▶ [TASK TO COMPLETE]:
Write each line below back out exactly, omitting its pictures.

▶ [DATA EXTRACT]:
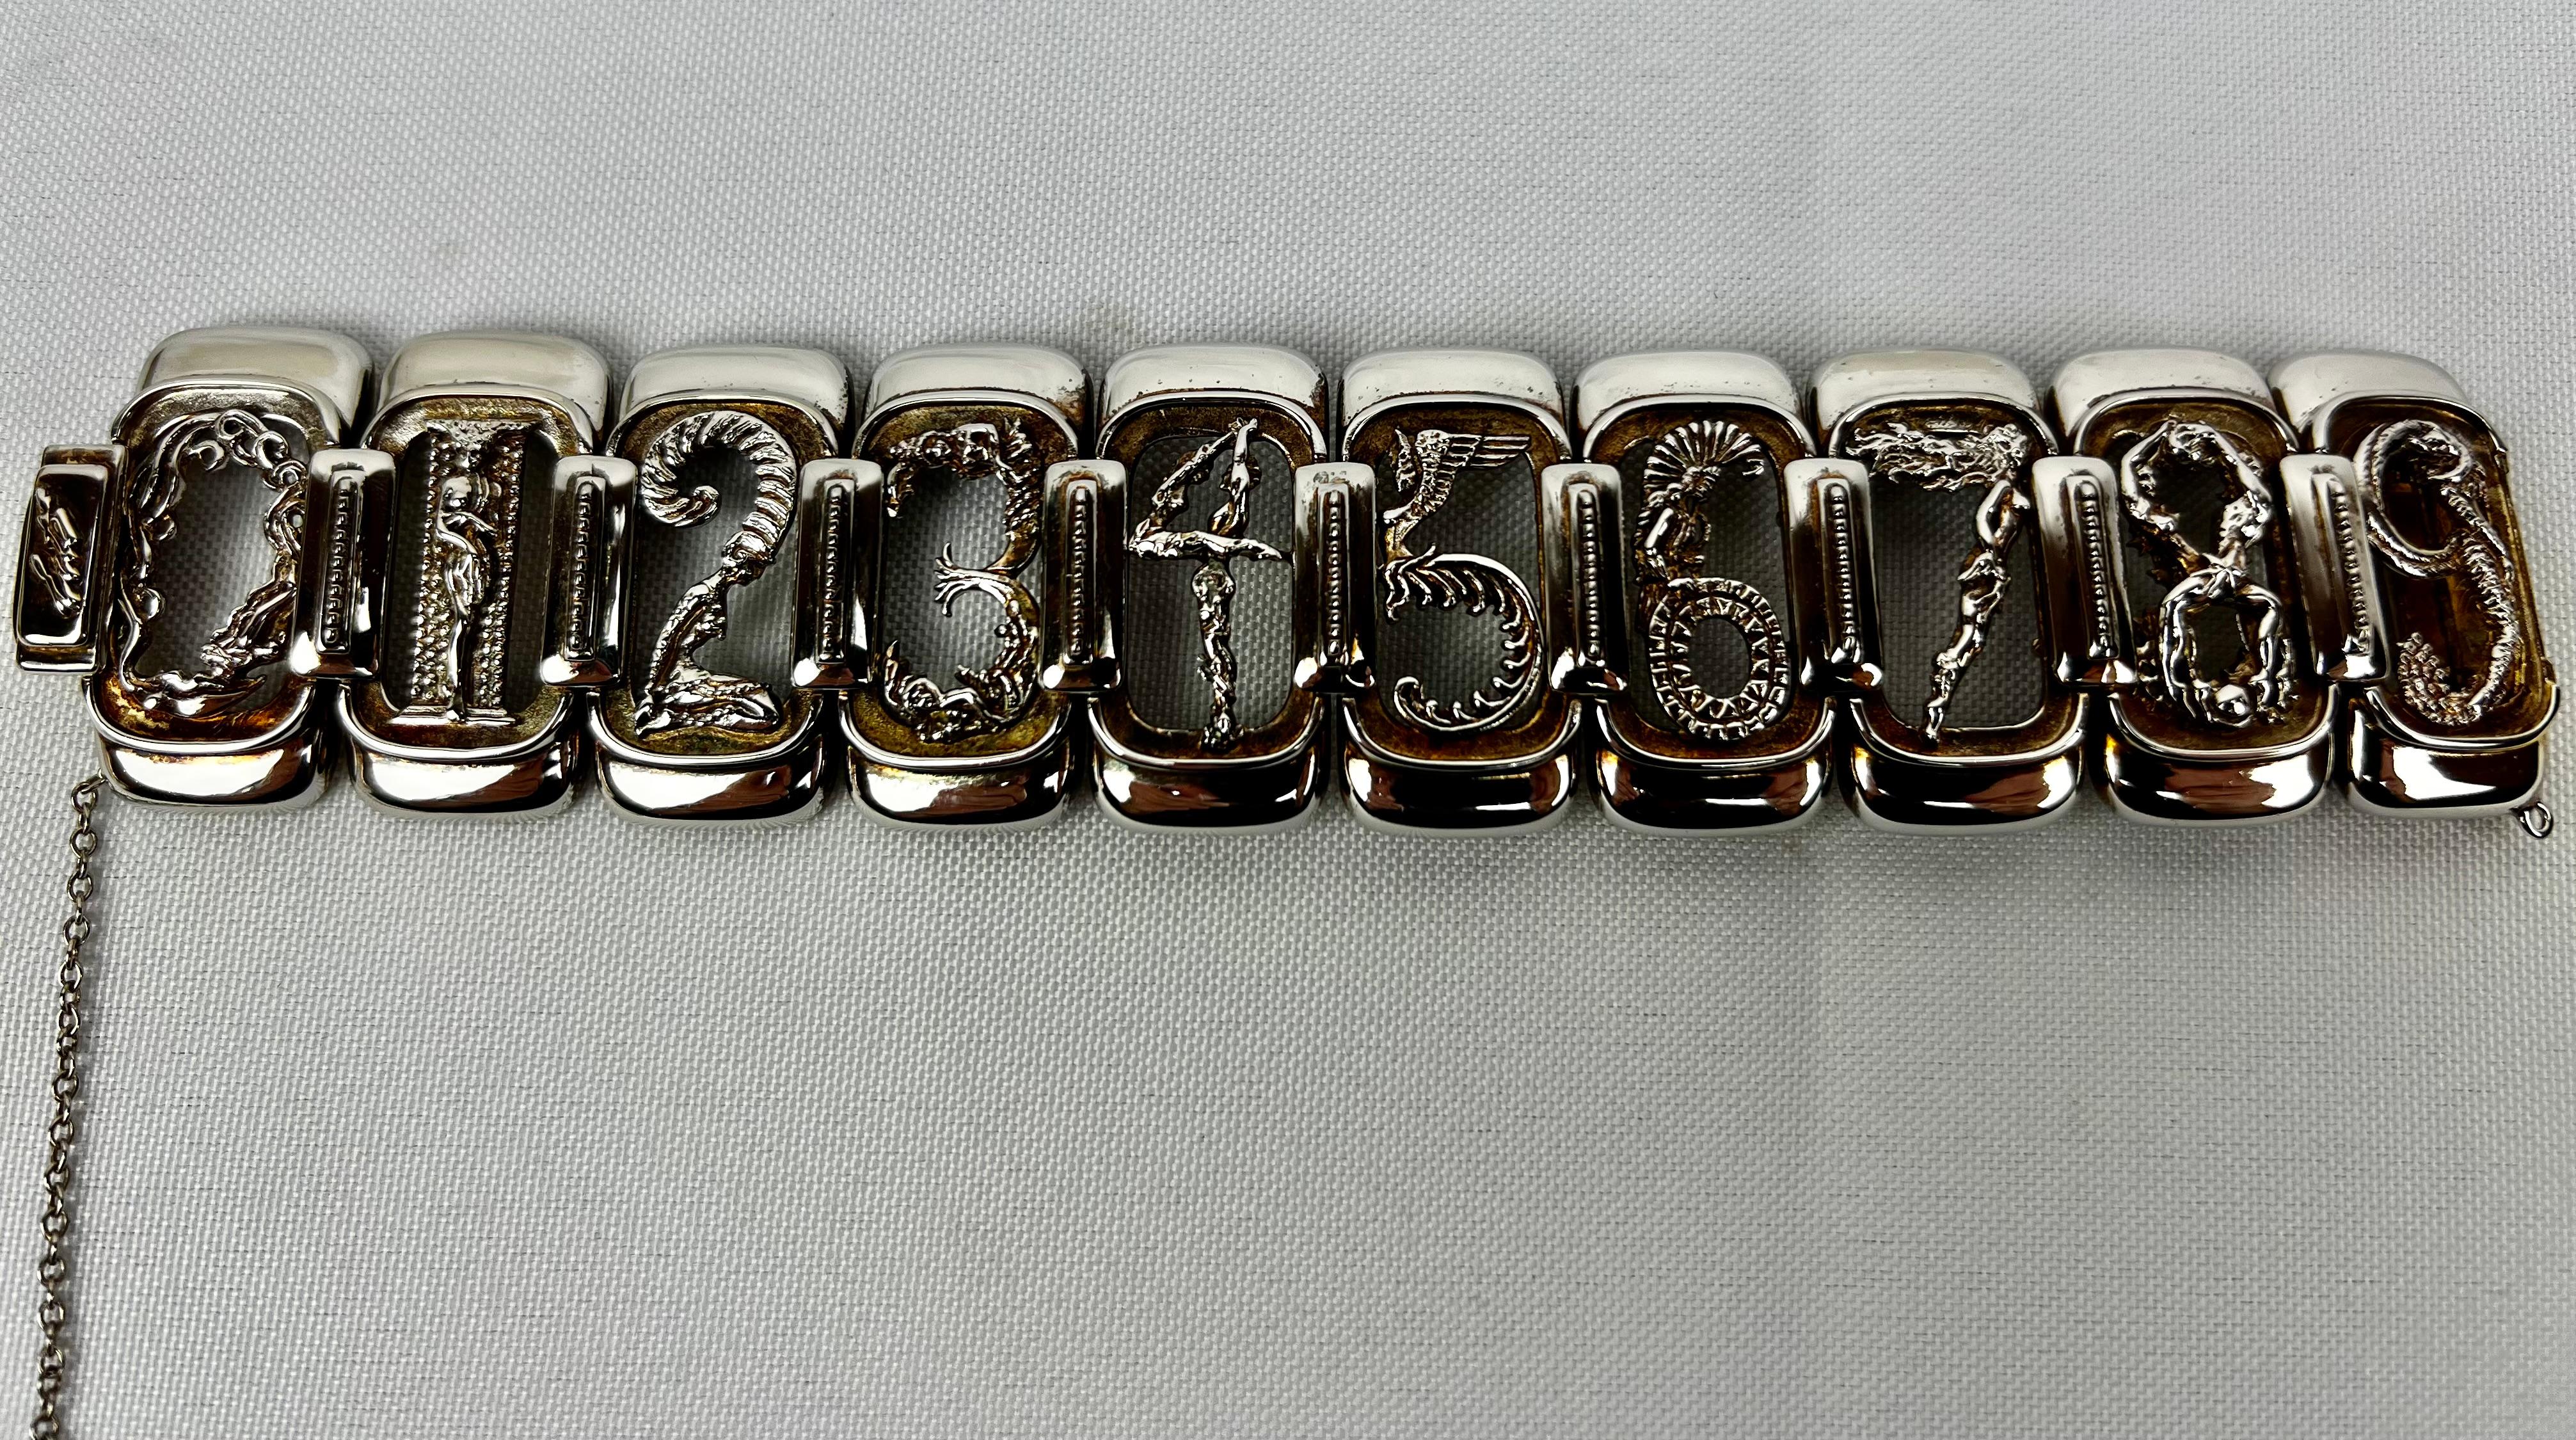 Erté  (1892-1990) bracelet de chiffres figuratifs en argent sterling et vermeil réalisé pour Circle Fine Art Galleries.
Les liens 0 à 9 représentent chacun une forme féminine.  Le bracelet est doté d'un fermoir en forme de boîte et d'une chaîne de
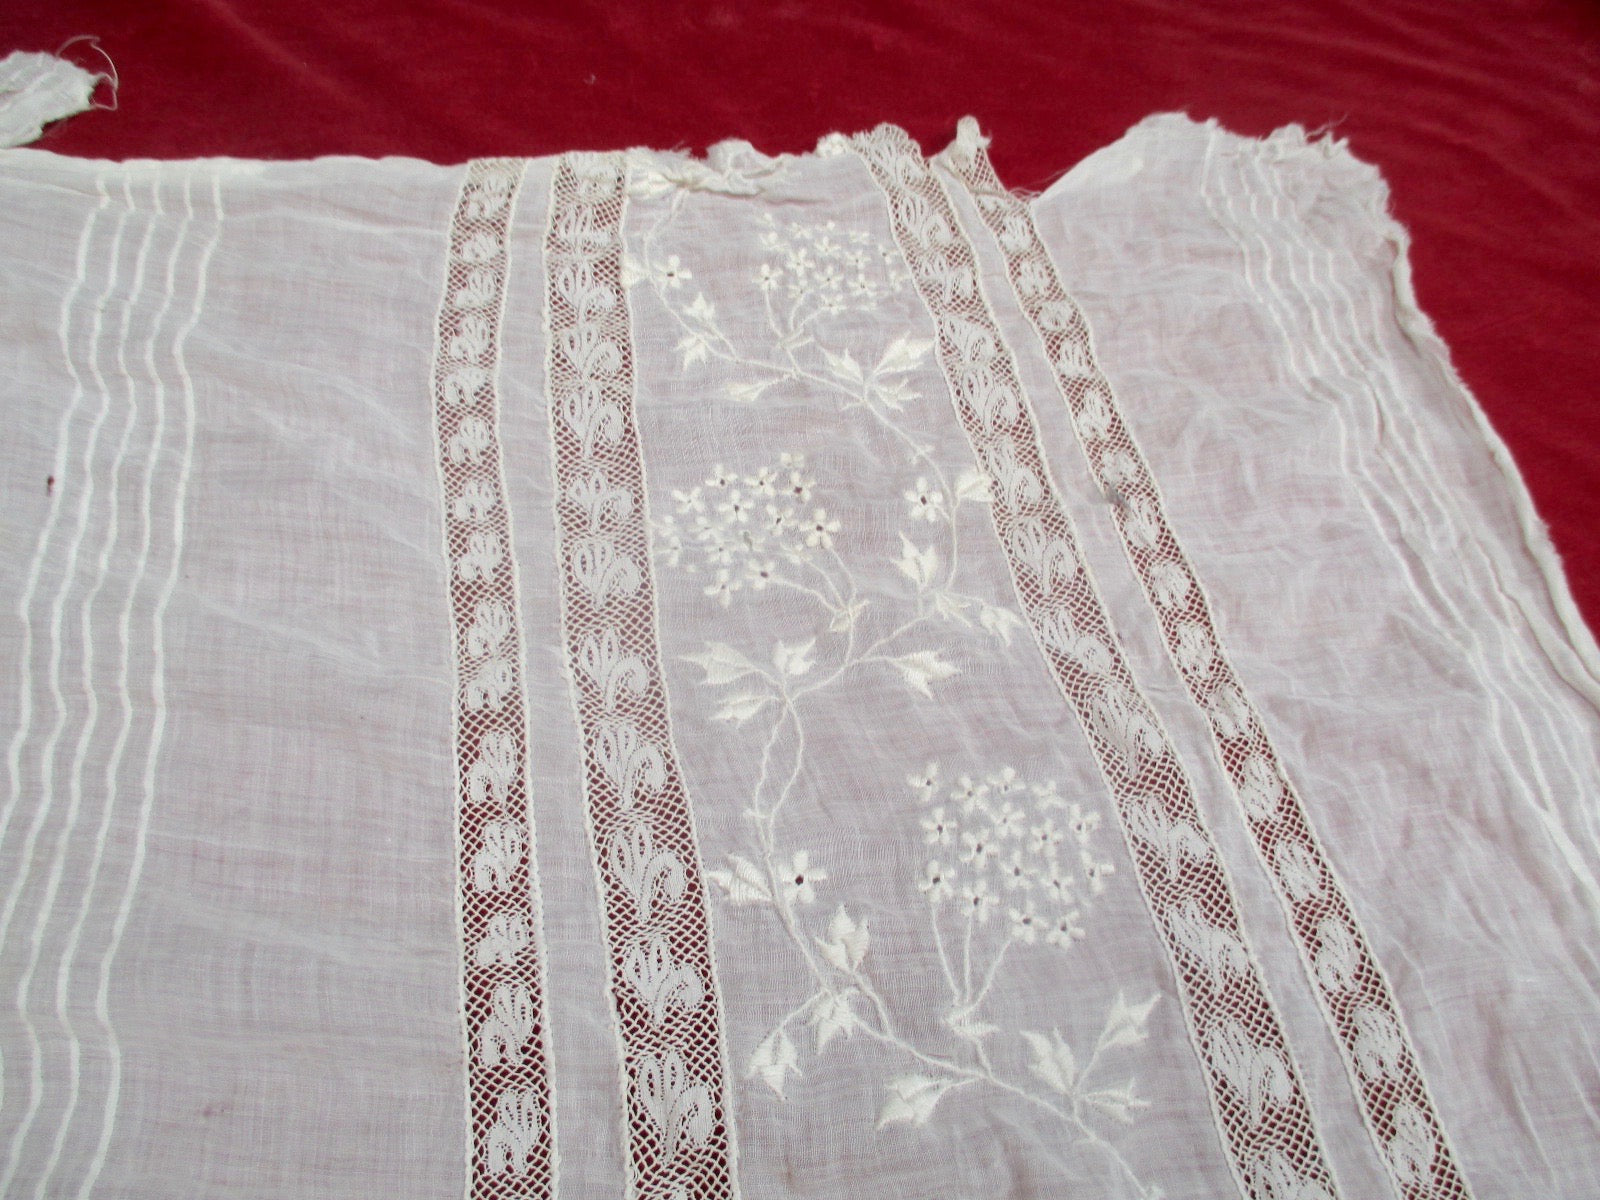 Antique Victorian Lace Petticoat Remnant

▶ [RESPONSE TO THIS EXERCISE]:
 Erté  (1892-1990) bracelet de chiffres figuratifs en argent sterling et vermeil réalisé pour Circle Fine Art Galleries.
Les liens 0 à 9 représentent chacun une forme féminine.  Le bracelet est doté d'un fermoir en forme de boîte et d'une chaîne de
 Antique Victorian Lace Petticoat Remnant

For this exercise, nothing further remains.